The average stay for a patient is 60 days, though some patients may stay as long as 90 days, and the majority of the patients would be Maplewood residents.

Apland said that the program would be designed to be family friendly, so the patients’ relatives will be encouraged to visit. Also, the facility will be staffed 24 hours a day, seven days a week, and the staff includes 17 full time staff, 11 mental health professionals and two nurses.

Apland explained that the proposed program would be licensed as an intensive service because the patients will be involved with programming all day and into the evening.

Quinlan added that the most intensive programming and highest number of staff are scheduled during the weekday over the times of day when most students would be in and around nearby Carver Elementary School. 

According to Apland, HealthPartners has over 20 years of experience running similar programs in St. Paul and St. Louis Park with a “strong track record of safety,” and through various other organizations within the Twin Cities there are 19 similar programs — several of which are located near schools, daycares and parks.

Martin added that a similar facility located on Viking Drive, was approved in Maplewood in 2011 and it has had no significant issues.


—Aundrea Kinney

Neighborly conversations

Council member Kathleen Juenemann acknowledged that the Upper Afton Road building would not be a locked facility, and asked if HealthPartners has had any trouble before with patients walking off existing treatment sites. 

Apland explained that it is uncommon for patients to decide to quit the program, but added that they are no longer allowed back into the program if they do quit before graduating from it.

The residents and parents fired back that “vague and partial answers” like Apland’s explanation were a major concern, and the council subsequently scolded HealthPartners representatives for their poor communication with the neighborhood.

In particular, Mayor Nora Slawik called the healthcare company out for not having a community meeting before a Jan. 9 city council meeting as promised. HeathPartners did end up having a community meeting Jan. 19, but it seemed to do little to assuage community concerns.

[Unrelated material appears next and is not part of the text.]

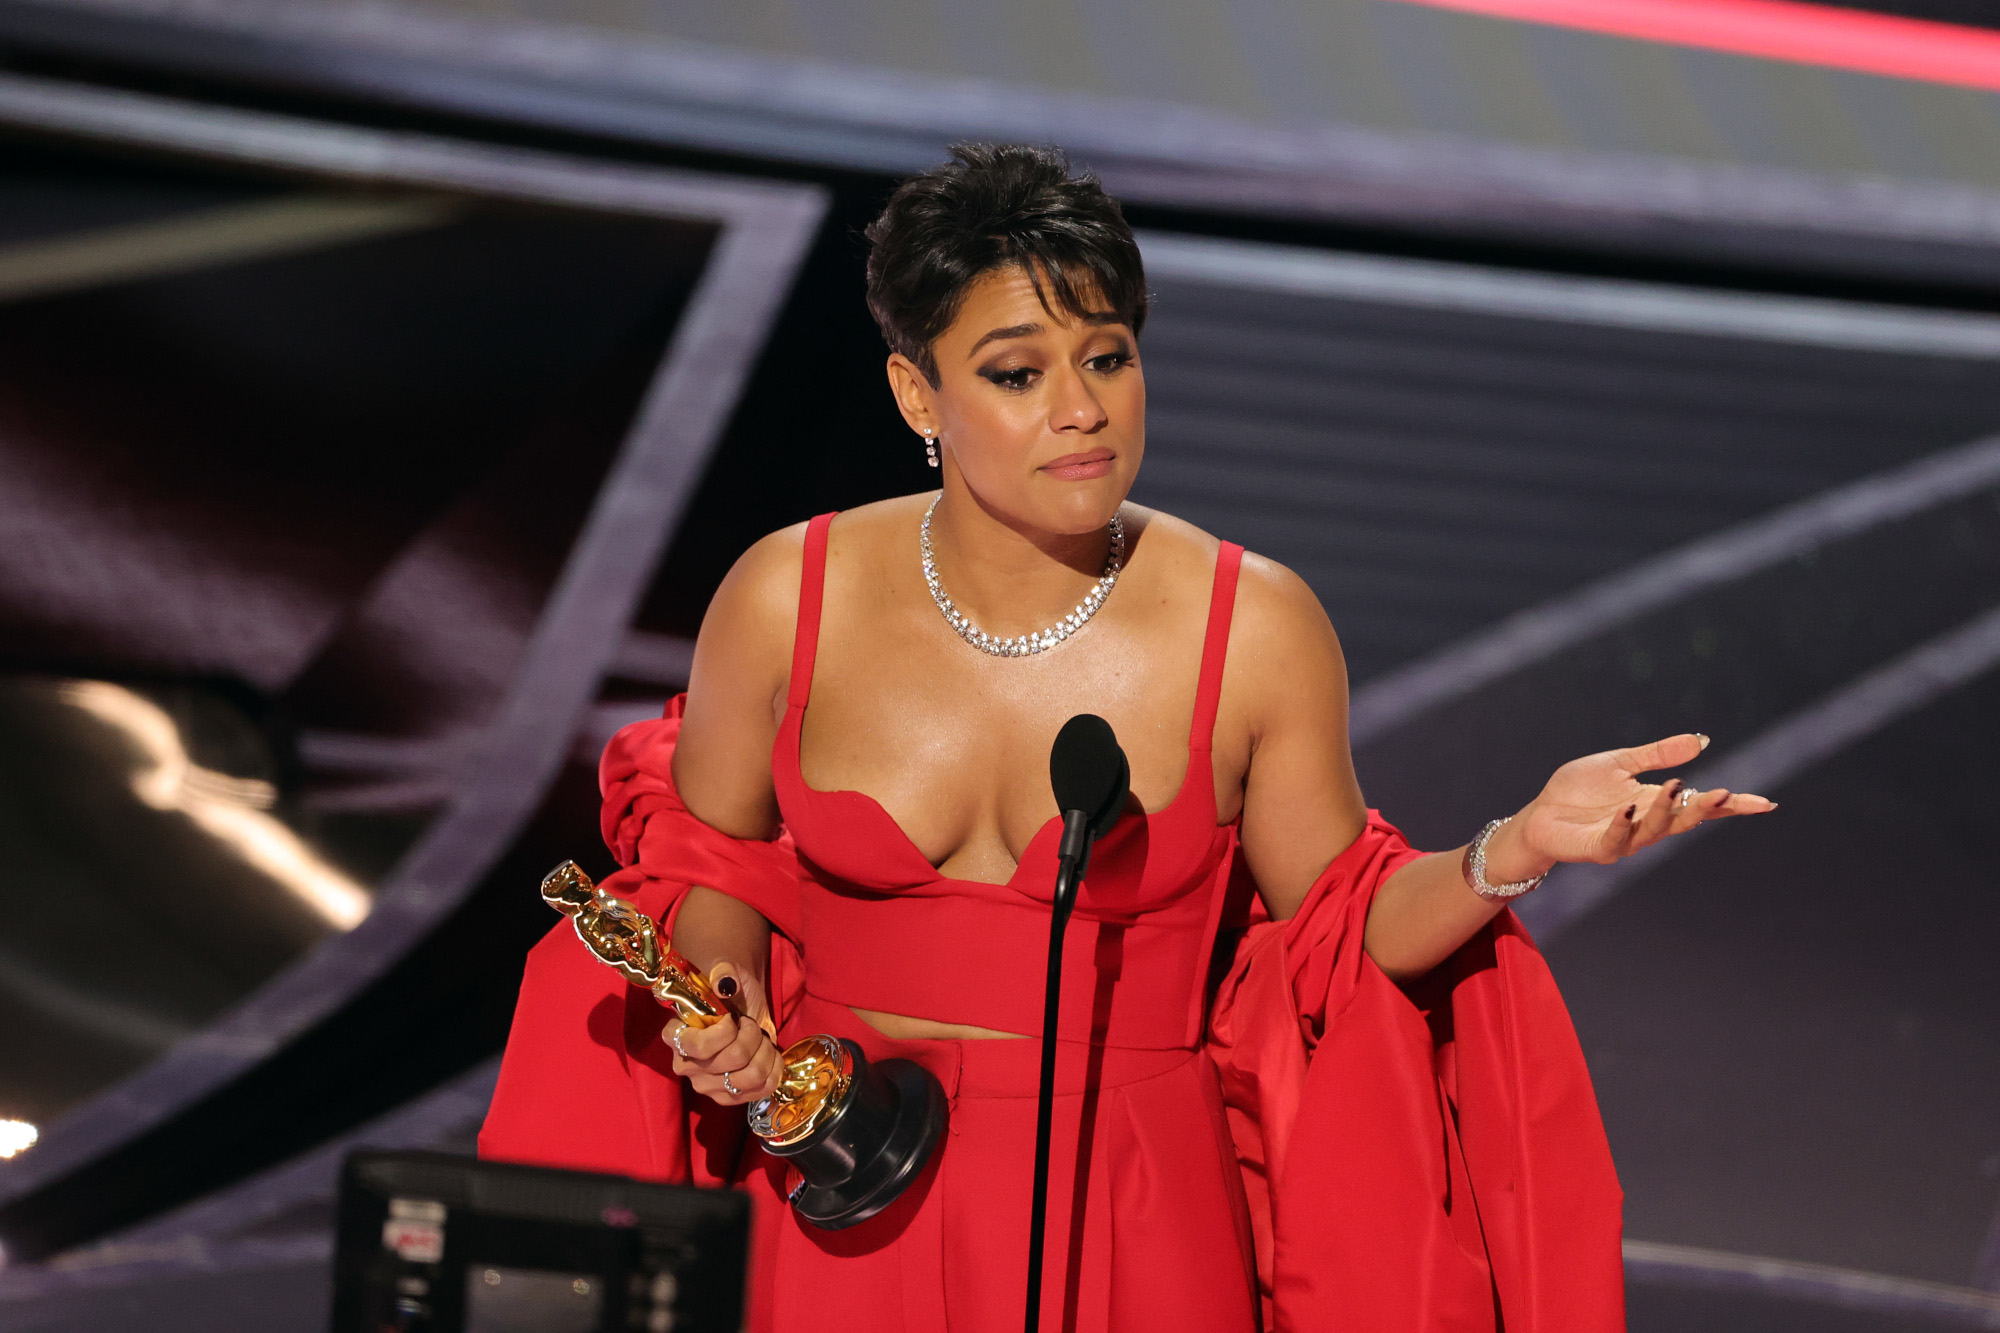 'West Side Story' star Ariana DeBose wins Best Supporting Actress at the 2022 Oscars. She's wearing a red dress and holding the trophy.

“You told us you would meet with the community, and you did not have that community meeting, and ... that caused people in our city a lot of heartache,” Slawik said.

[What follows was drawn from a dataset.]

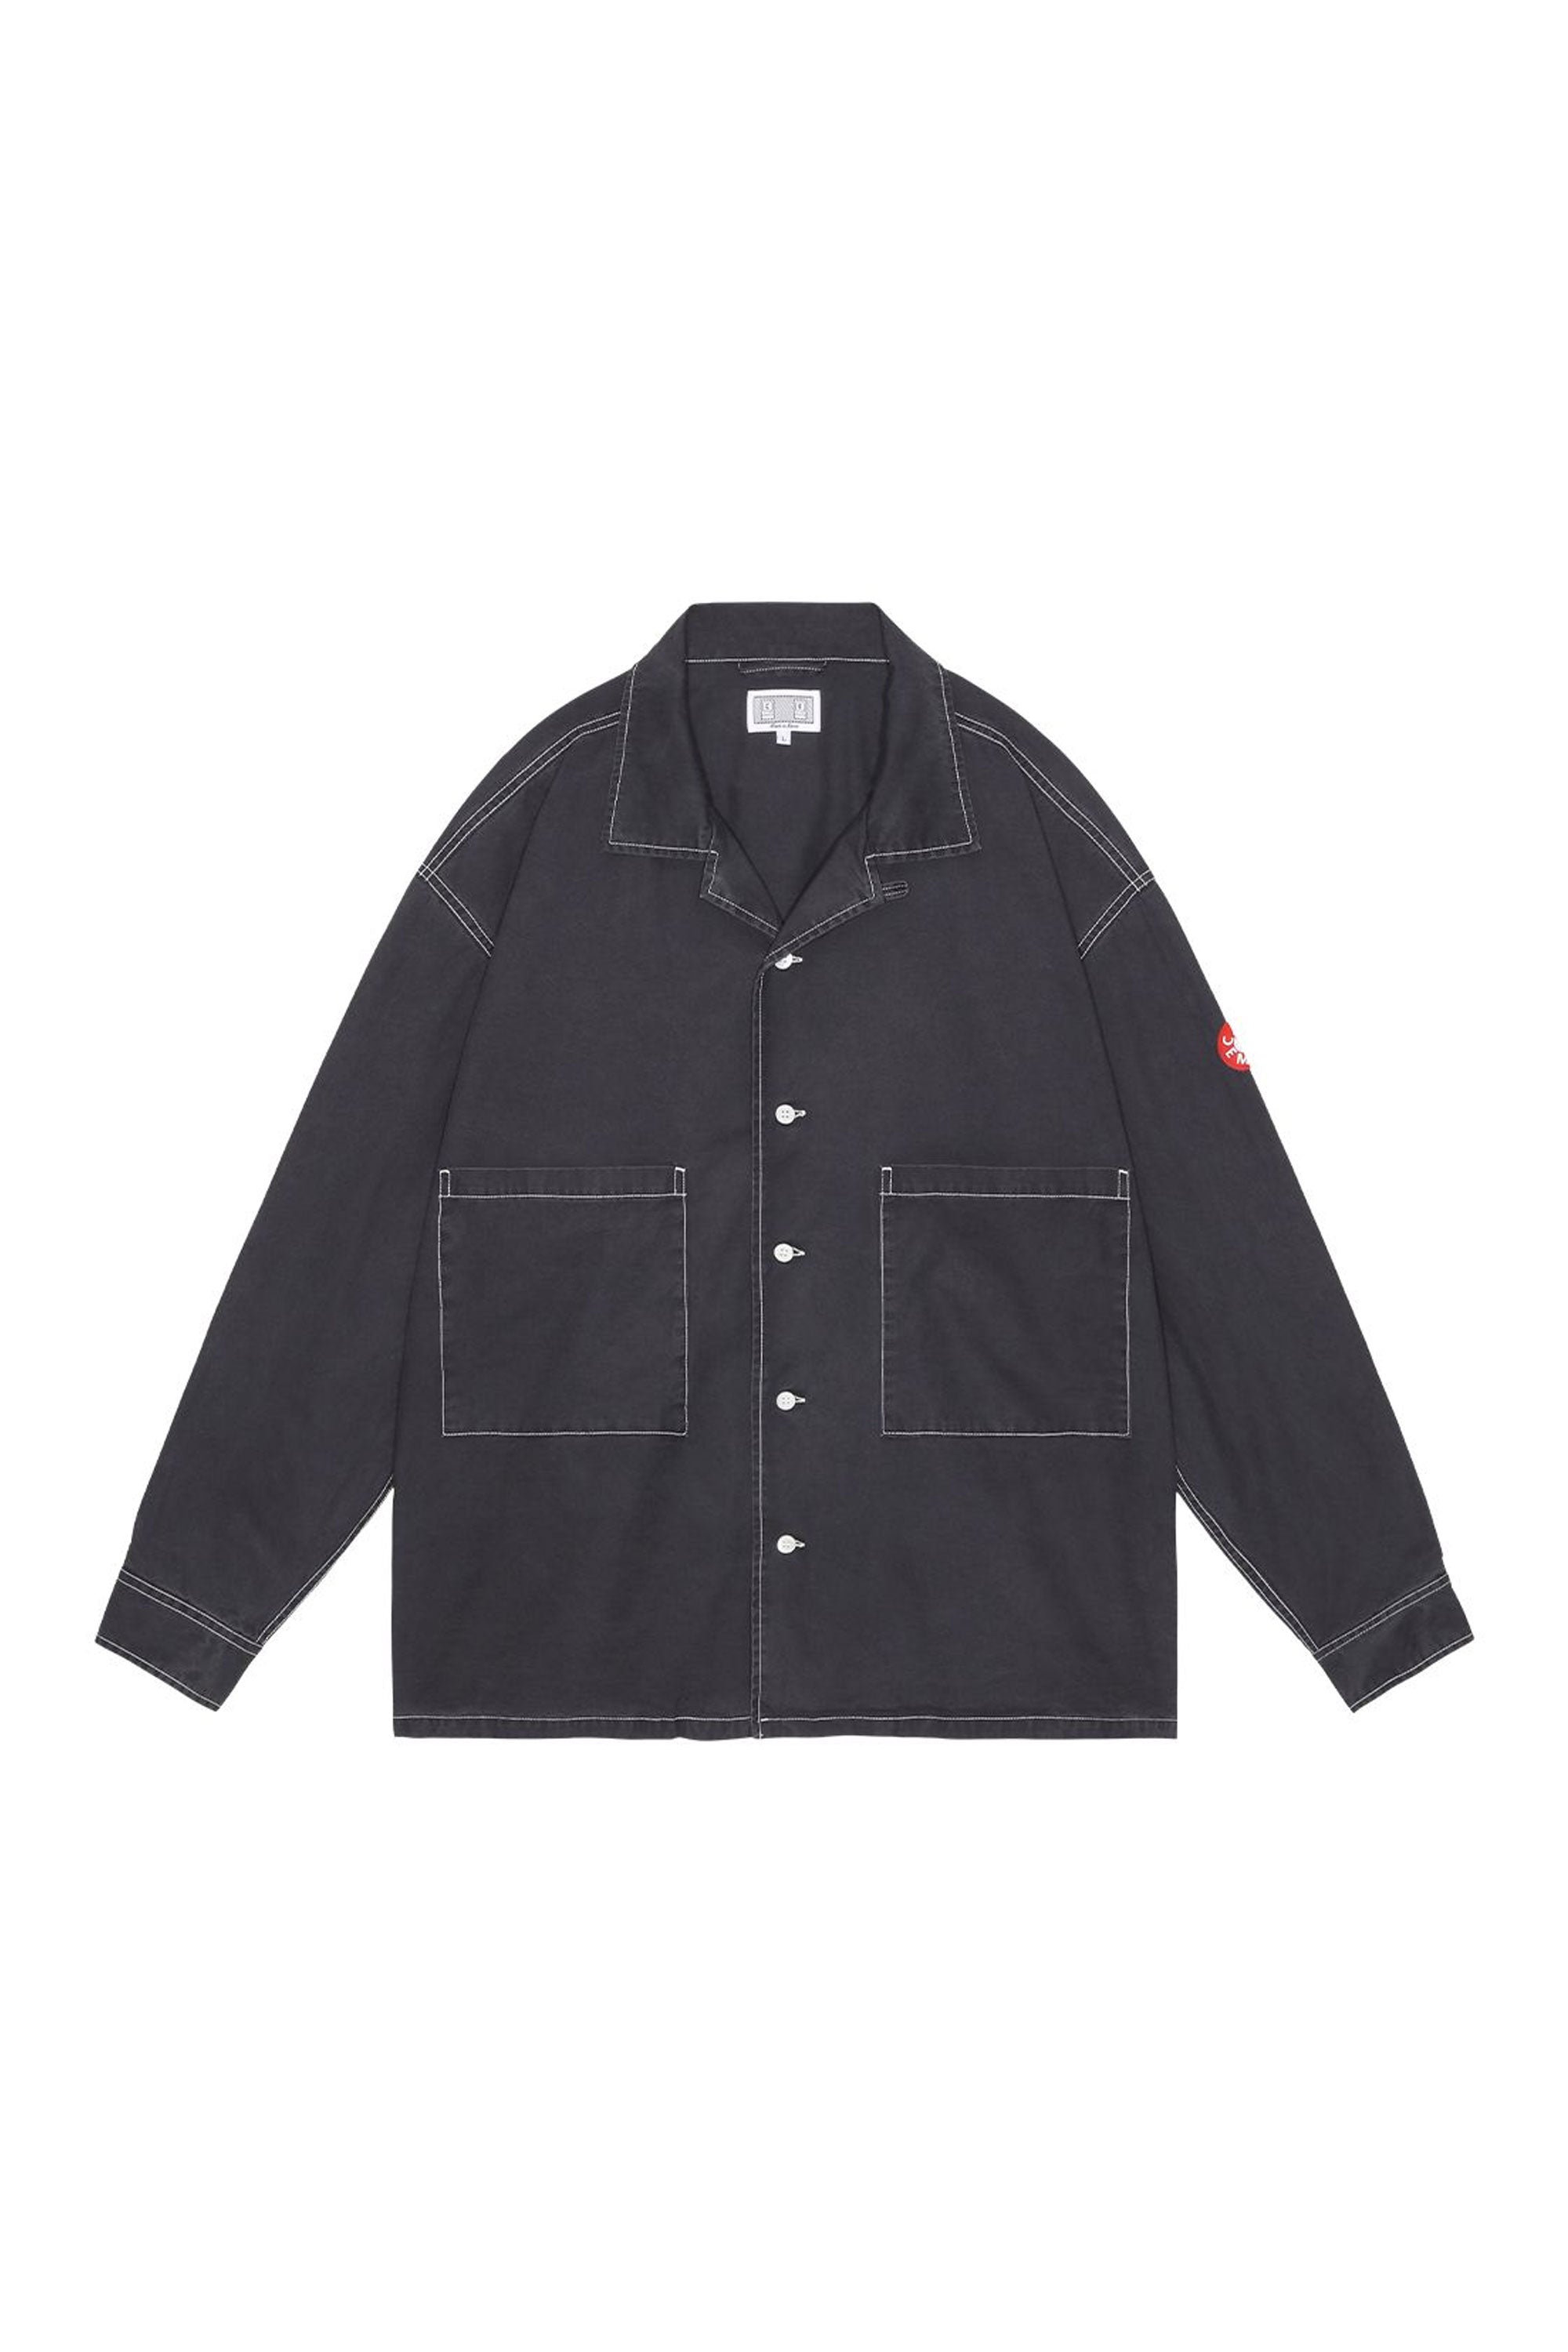 The CAV EMPT - WASHED OPEN SHIRT  available online with global shipping, and in PAM Stores Melbourne and Sydney.

Council Member Marylee Abrams added, “I am incredibly disappointed in how you came into our city, and you made certain assumptions about your clinic. The fact that there was such little communication with that school was very disappointing to me ... and consequently we have some very frightened parents.”

“I’m not real confident that you folks are really going to be good neighbors in our community,” she stated.

“I apologize. It is our intention to be the best neighbor we could possibly be. We are good neighbors in the facilities we have now,” responded Jayne Quinlan, HealthPartners’ director of community support programs. 

Smith explained that he has had bouts of depression, and he is a parent of an elementary-school child. Smith also shared that he is a recovering alcoholic who has been sober for six and a half years.

“It’s tough because I do come in with that mixture of life experiences and the Dad in me understands what these parents are going through, but the struggling drunk in me also understands that there’s a lot of people that need help and that we need to do what we can for them,” Smith said.

 “Sometimes it’s inconvenient, and sometimes it’s messy, and sometimes we don’t have exactly the right place to put it, and sometimes it just makes us uncomfortable, but maybe that’s what we need to do for our neighbors sometimes,” he added.

With all of the different facets of the situation to consider, the council ultimately decided to postpone making a decision Jan. 23. 

The council’s next meeting is Monday, Feb. 13. 

“We would like to be known as the community where things like this can exist and survive and everyone has a positive outcome, not just the people in the facility — everyone,” Juenemann said.

“I wish HealthPartners would have made this easy for us,” Smith added.